Michael sheathed his sword and pulled the ropes away. His sister lay prone, arms over her head, left sleeve torn and bloody at the shoulder. He slid his hand under her torso to lift her.

She groaned.

He shouted with relief. Julia was still alive.

Now he had to keep her that way.

He hoisted her over his shoulder and drew his cutlass again. In the brief time it had taken him to rescue her, the tide of battle on deck had turned—in his favor. He reached the side of the ship with no resistance, found a line, and returned to
Vengeance.

Jean Baptiste met him and assisted in lowering Julia to the deck.

“We’ve accomplished our mission.
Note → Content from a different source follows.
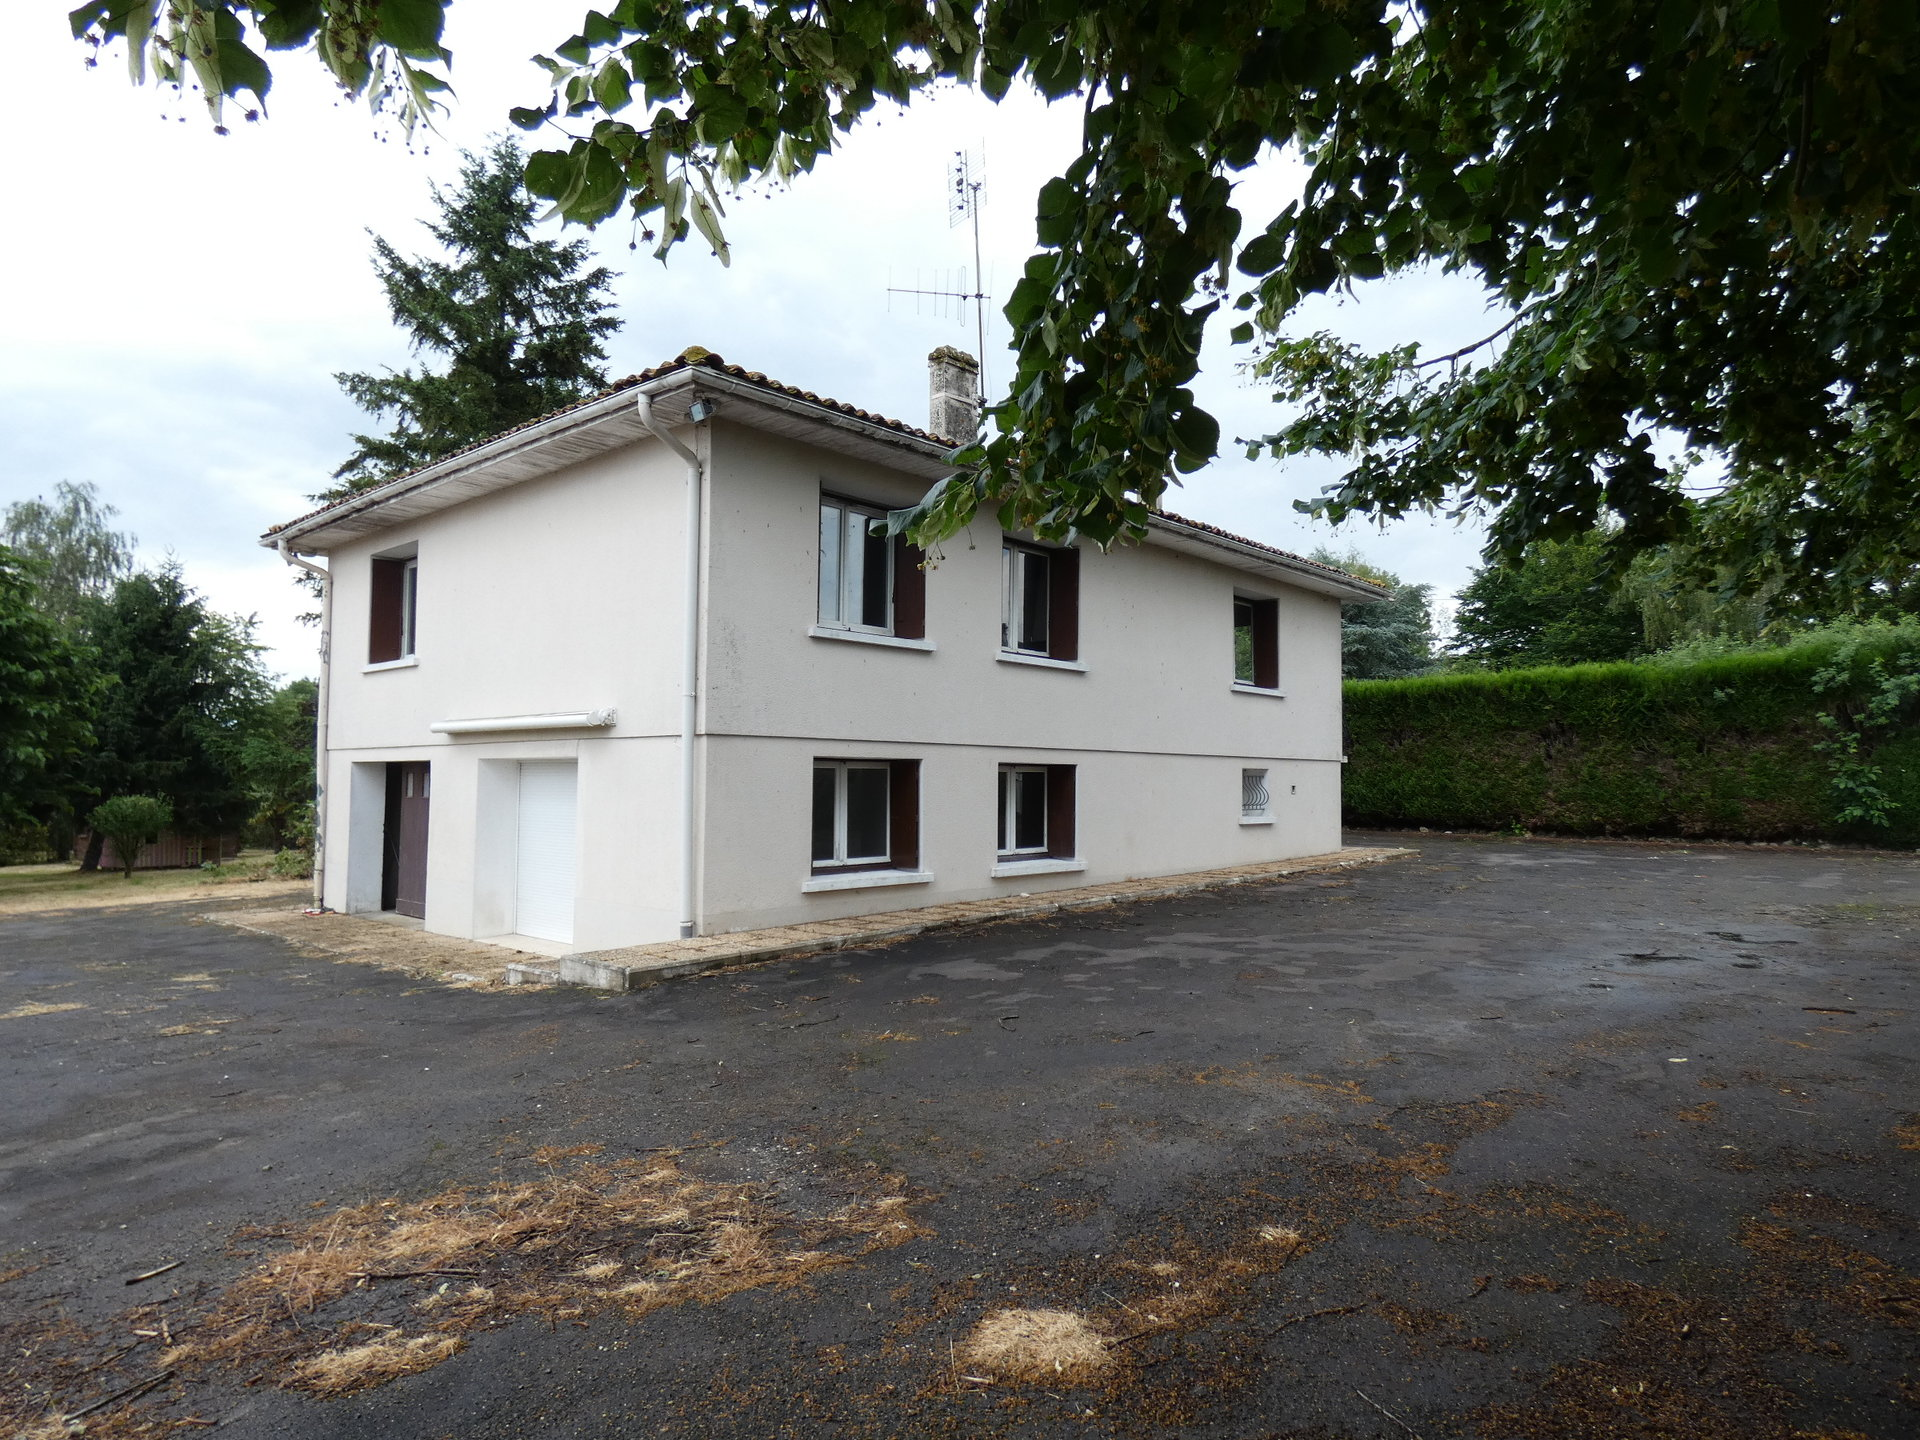 house on basement in Mansle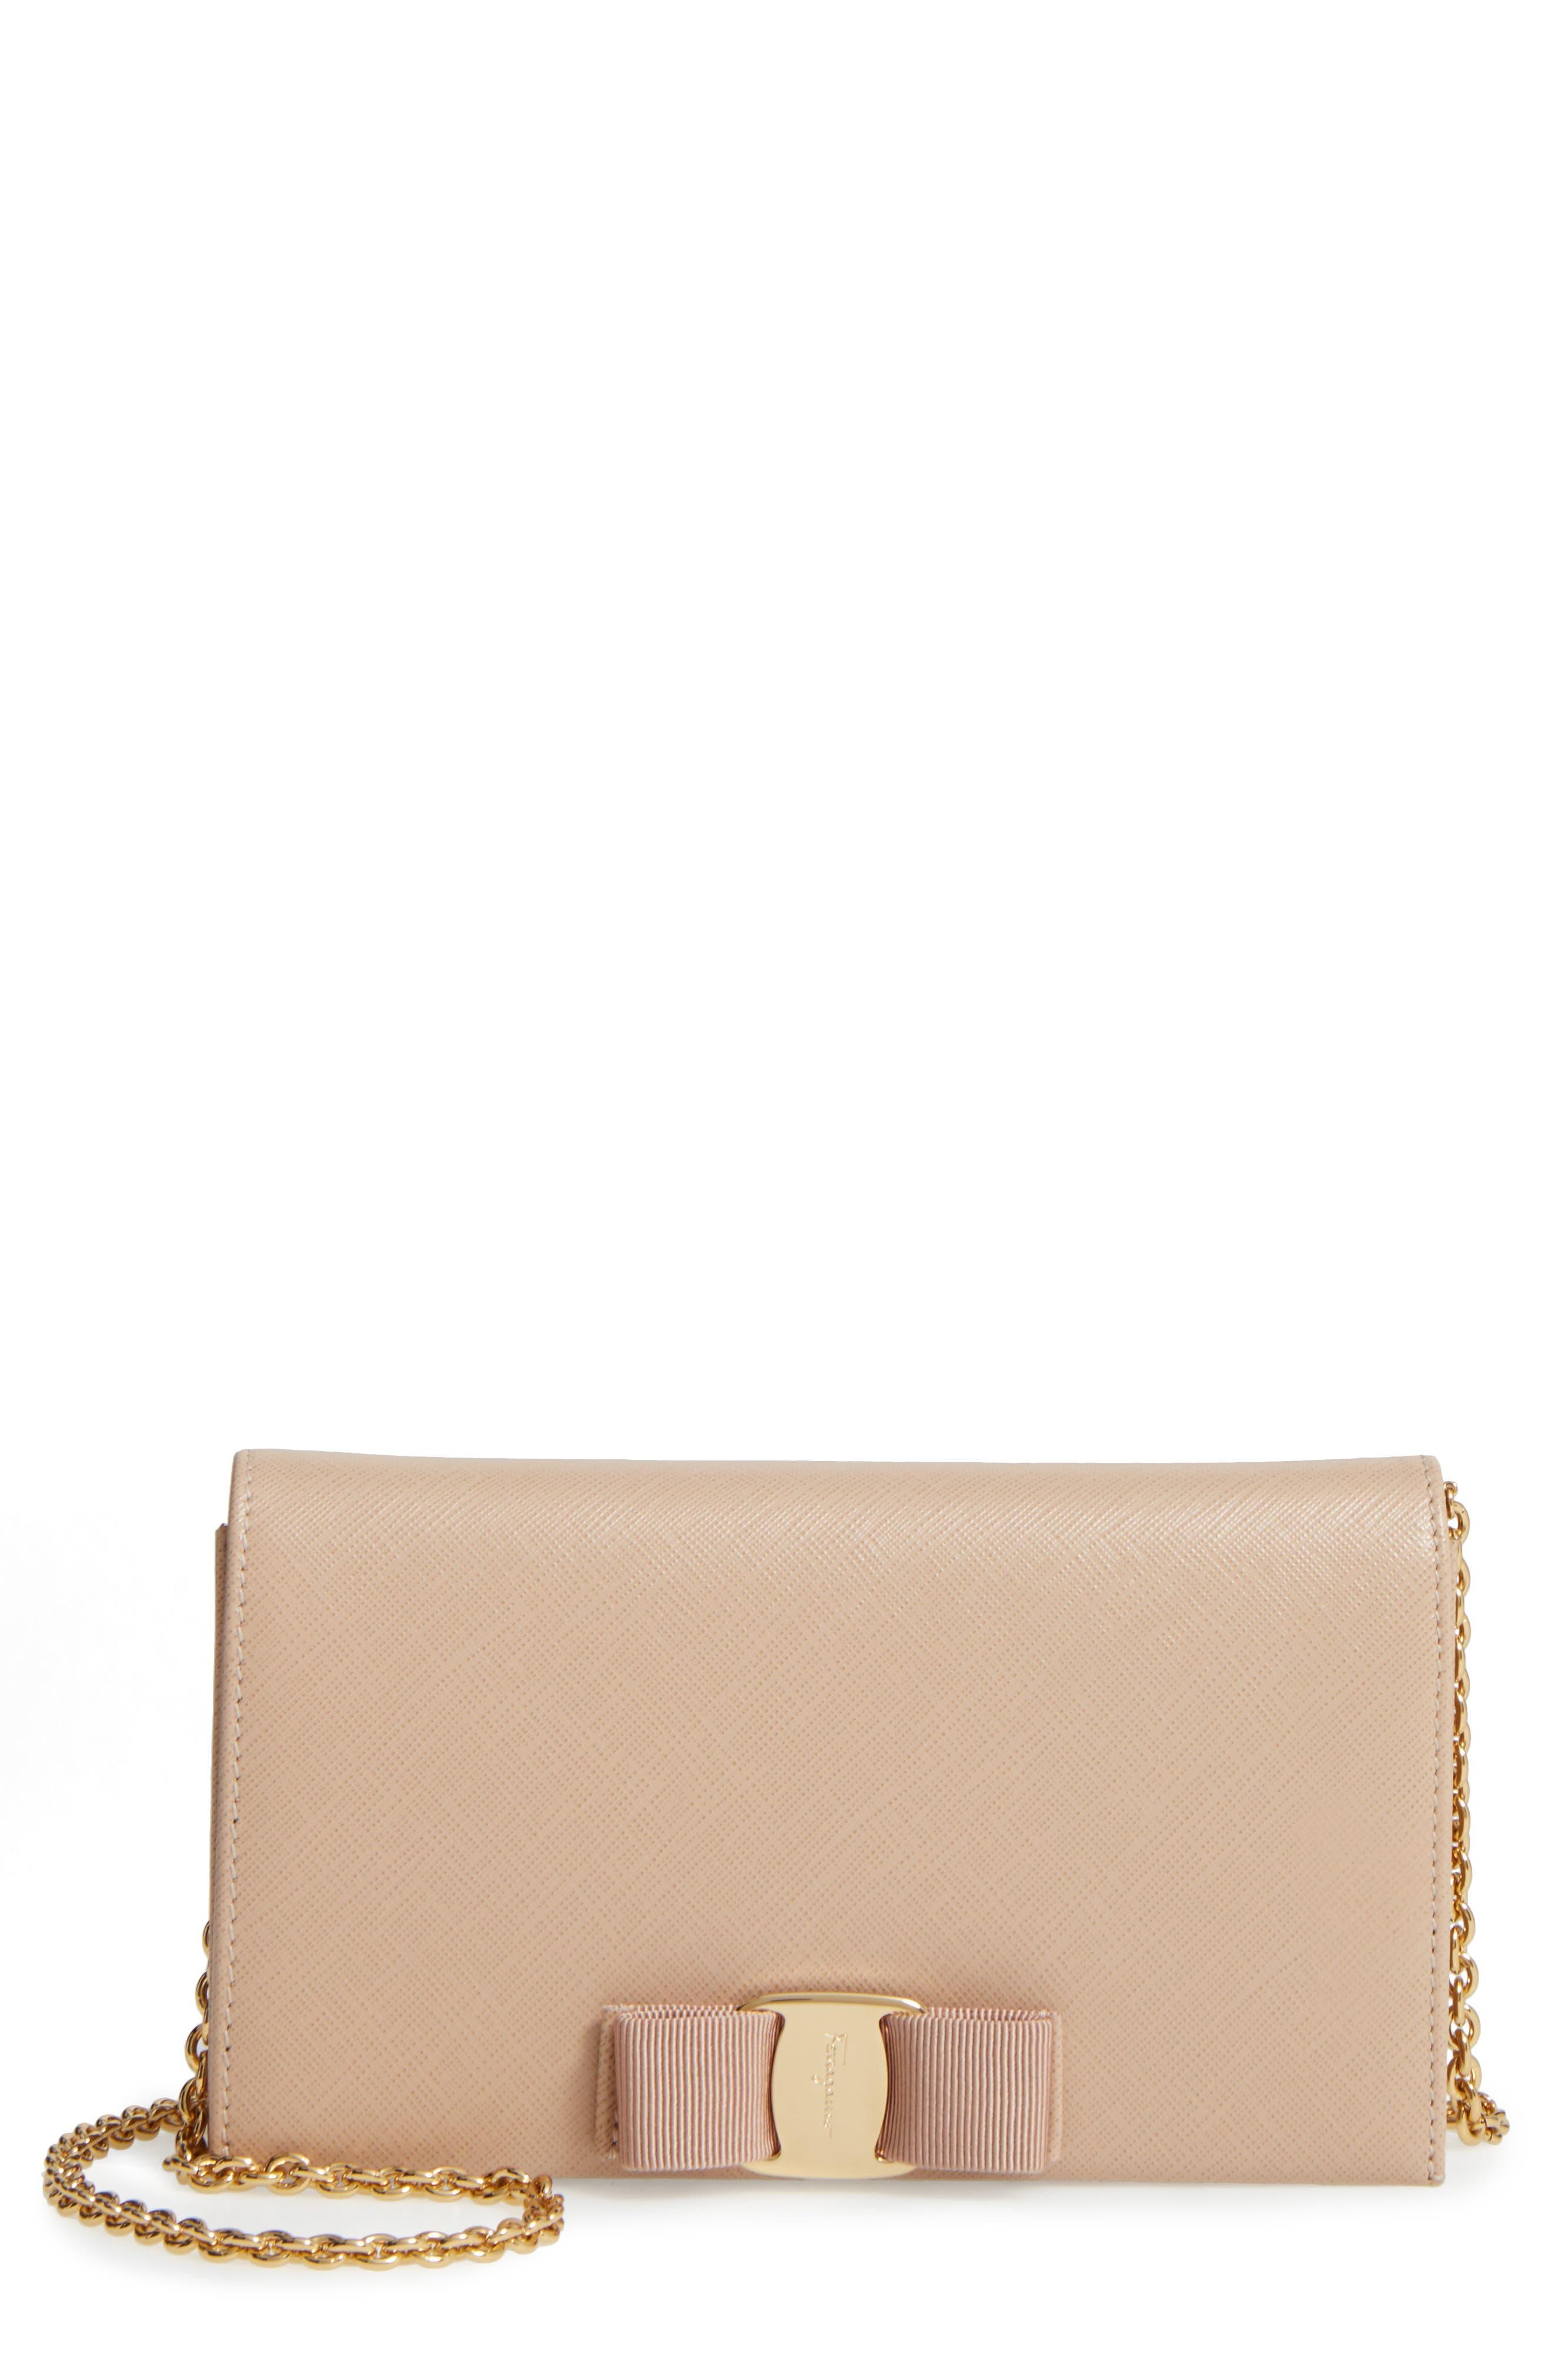 Salavatore Ferragamo 'Miss Vara' Leather Wallet on a Chain

Get us out of here.”

“Aye, aye, Cap’n.”

Michael crouched over his sister’s inert form, pushing her tangled, dirty hair back from her face. He looked up at Lau, who also hovered near. “Light the fires.”

“Aye, Cap’n.”

William had a surgeon aboard his ship. The idea of having a doctor examine Julia and treat her injuries struck Michael as a good one, but he could not risk that William would refuse to let Michael see her if he turned her over.

He swung her up into his arms and carried her to his cabin, placing her in Charlotte’s hammock. “I promise I will make everything right.” He kissed her forehead and then returned to deck.

Sailing
Vengeance
with so few men required more of everyone than they were accustomed to. But with the smoke of battle, combined with the heavy black smoke from the pitch and oakum fires burning in strategic points along
Vengeance
’s deck providing cover, they slipped away unnoticed.

With only half the sails unfurled, gaining distance from the battle took time and energy. But the wind cooperated and picked up strength, guiding the frigate away from the thunderous skirmish.

Michael raised his spyglass.
Alexandra
had moved in to try to fill the void left by
Vengeance
’s departure, but
Sister Elizabeth
had sustained enough damage that it would never be able to run away from the two Royal Navy ships.

“Lau, spread all canvas. Jean Baptiste, set course.”

The boatswain and sailing master obeyed. Michael closed the telescope and returned to his cabin.

Suresh leaned over the hammock, the washbasin in one hand, a bloodied rag in the other. The steward had managed to remove Julia’s dress, leaving her in chemise, corset, and petticoats, which were soiled to the knee with what smelled like bilge water.

“She has many injuries, Captain.”

Michael joined him at his sister’s side. Her face now clean, he worried at her paleness—and her puffy eye and bruised cheek.

Suresh dropped the rag in the basin and held up one of Julia’s arms to reveal inflamed, red rope burns on the outsides of her wrists, and several fresh, shallow, horizontal cuts on the insides.